Goal of the exercise - Every line from the one holding "TigerLily (PineLight, #2) QUOTES" through the one holding "Two Pistons Hydraulic" in the data below must be returned exactly, both ends included, with pictures left out and nothing else added.

Information given -
^^^^^^^^^^^^^^^^

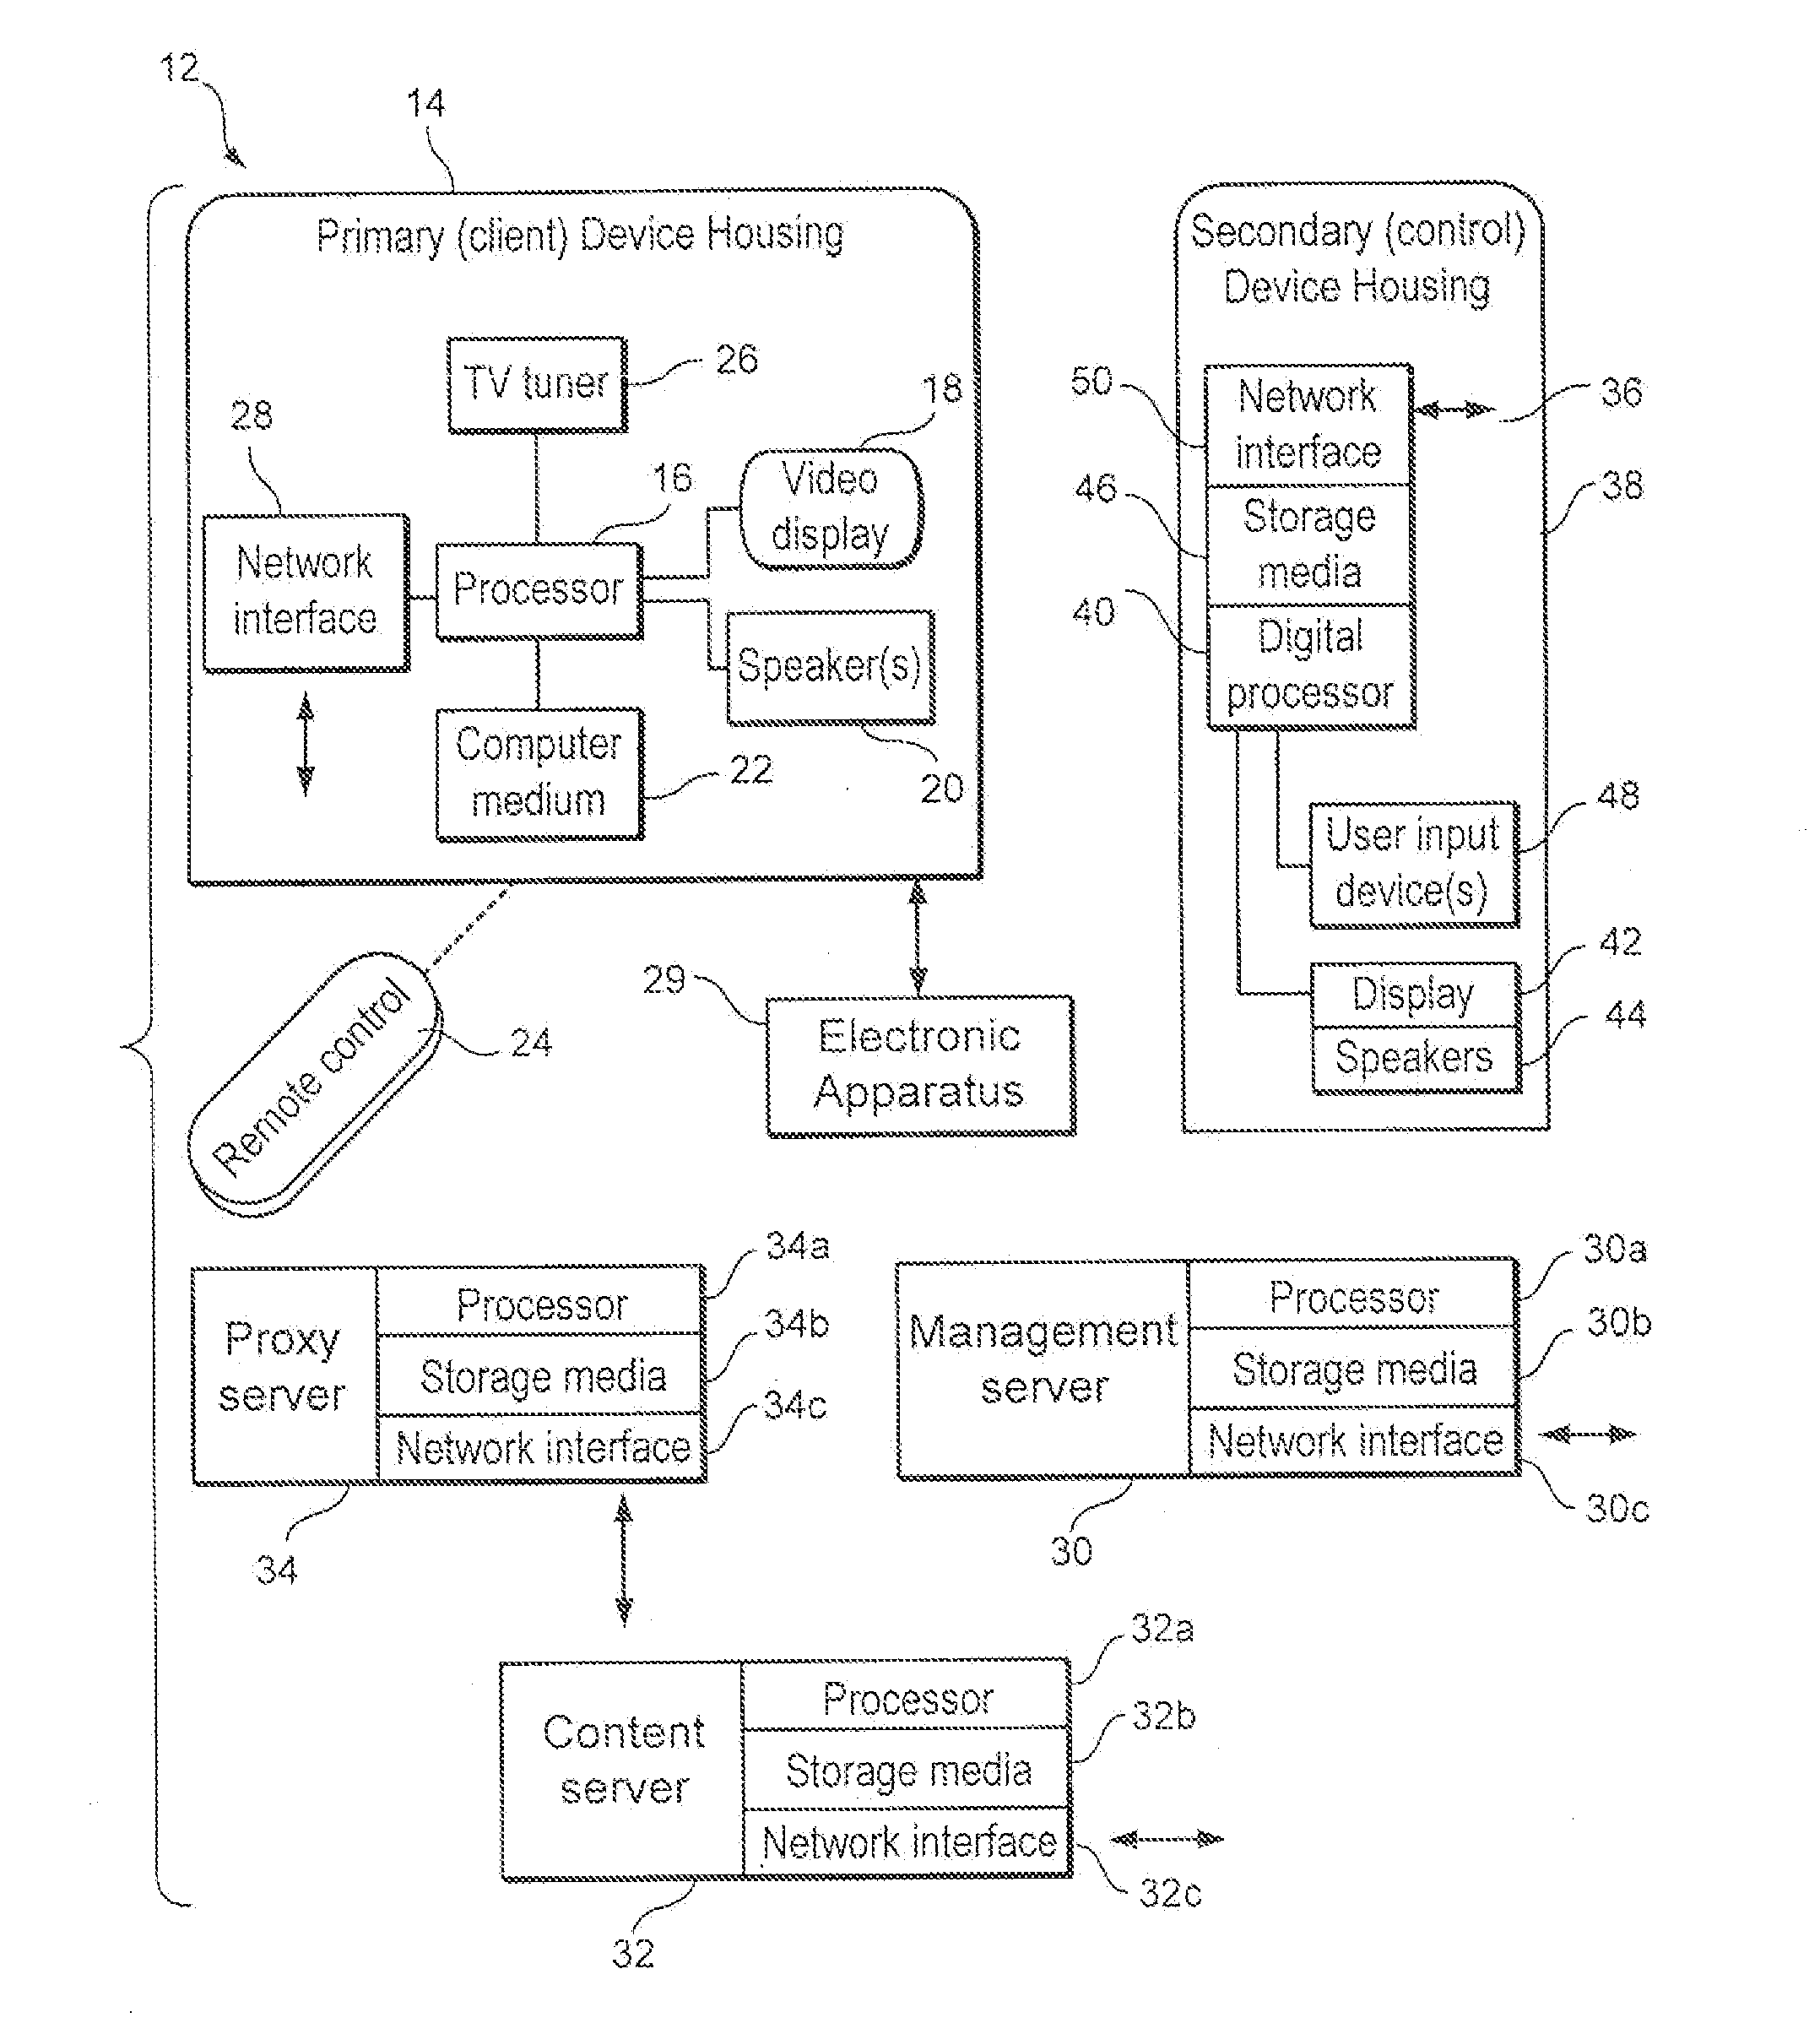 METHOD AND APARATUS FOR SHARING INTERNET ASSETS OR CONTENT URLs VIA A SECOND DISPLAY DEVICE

^^^^^^^^^^^^^^^^

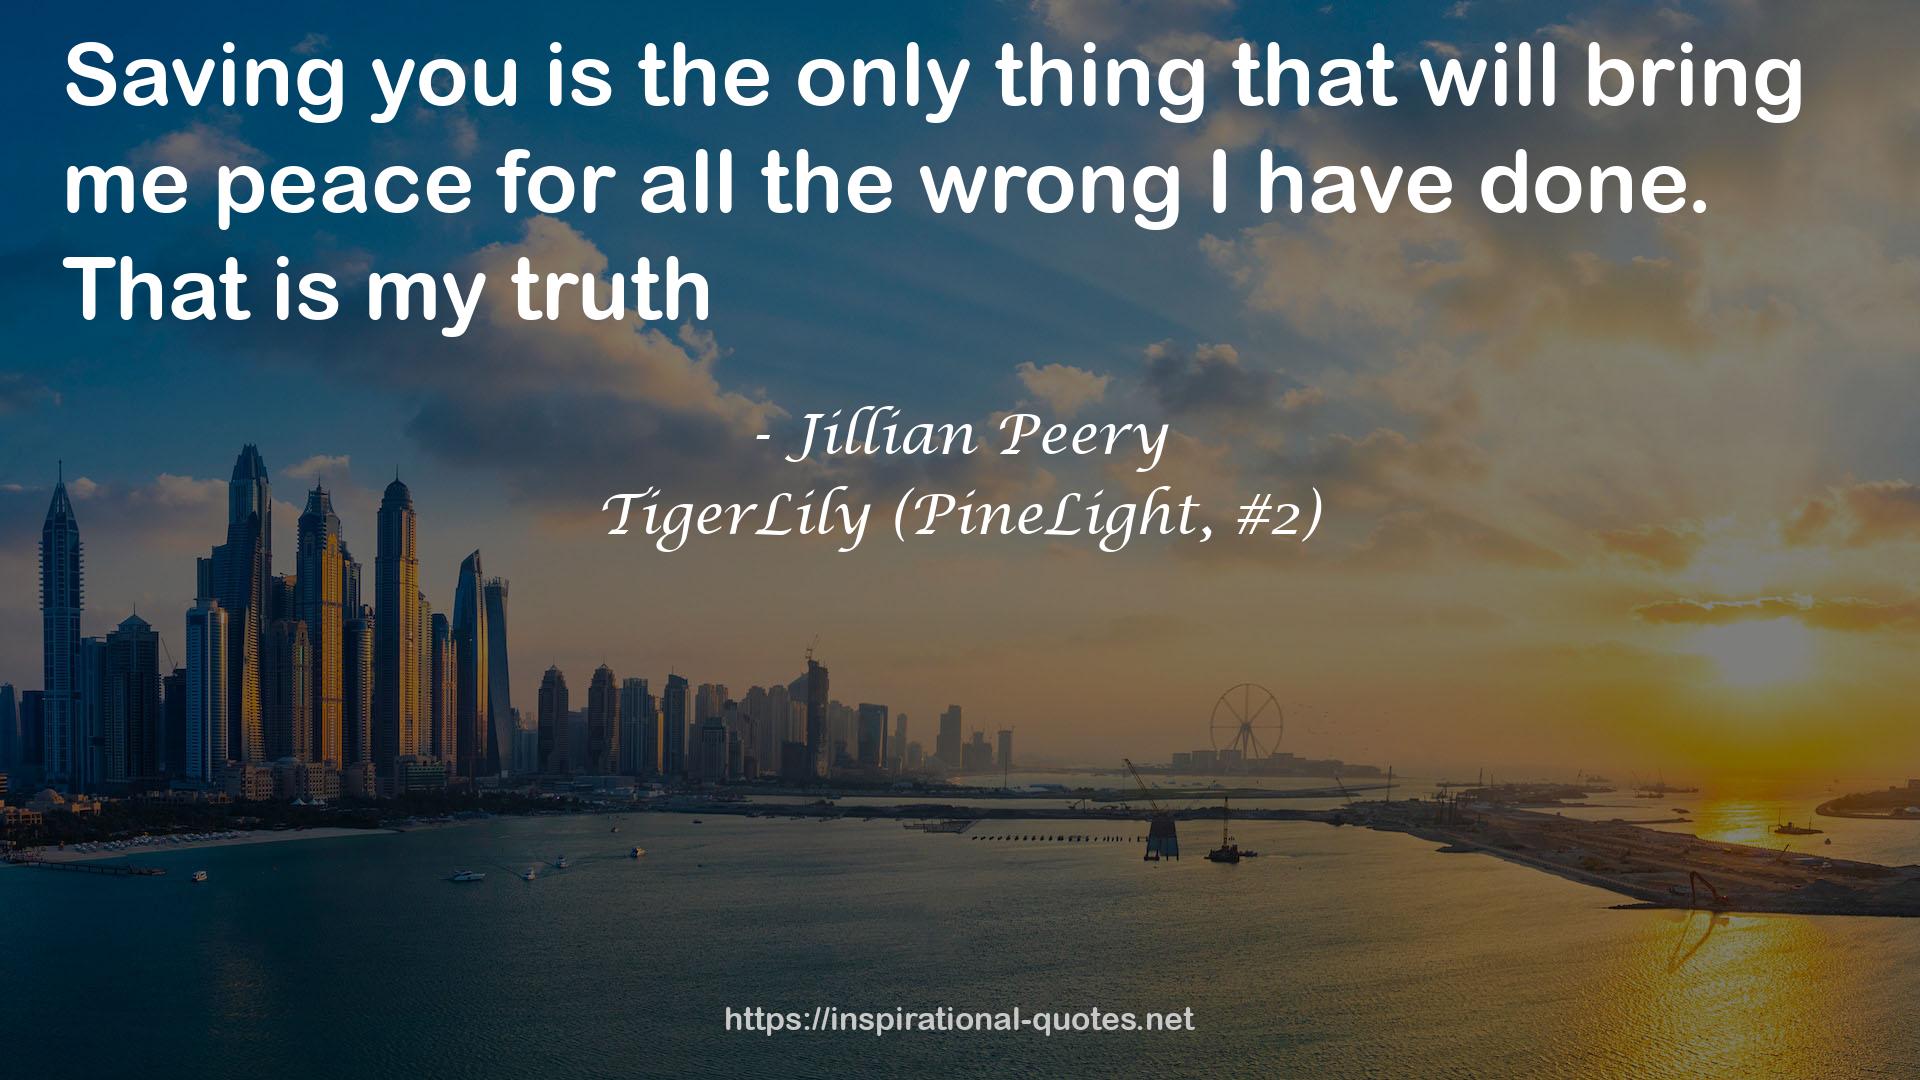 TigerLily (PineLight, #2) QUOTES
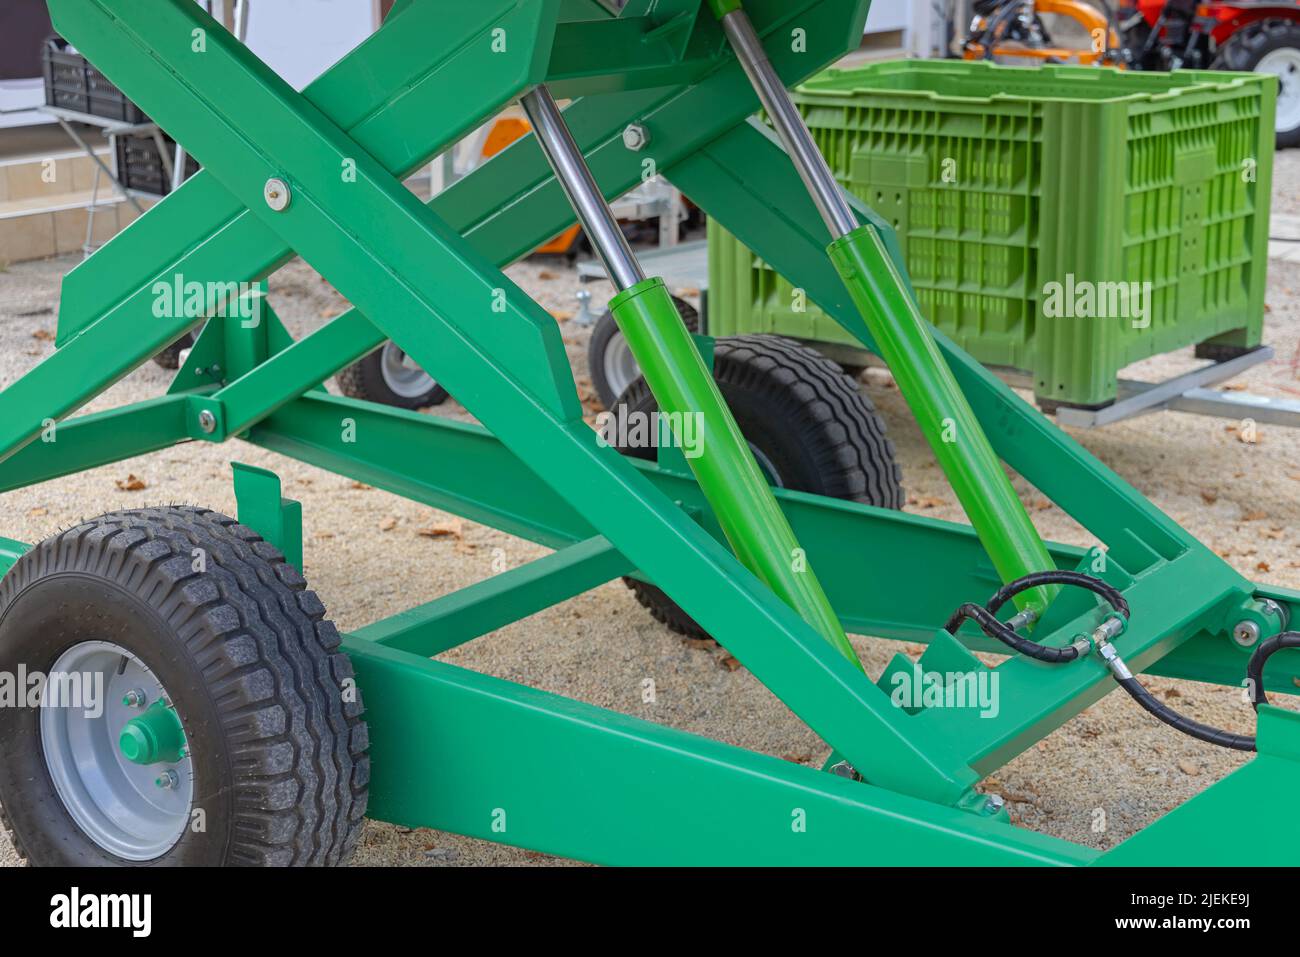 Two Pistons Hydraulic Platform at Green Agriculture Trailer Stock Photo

^^^^^^^^^^^^^^^^

Answer area -
 TigerLily (PineLight, #2) QUOTES
 Two Pistons Hydraulic Platform at Green Agriculture Trailer Stock Photo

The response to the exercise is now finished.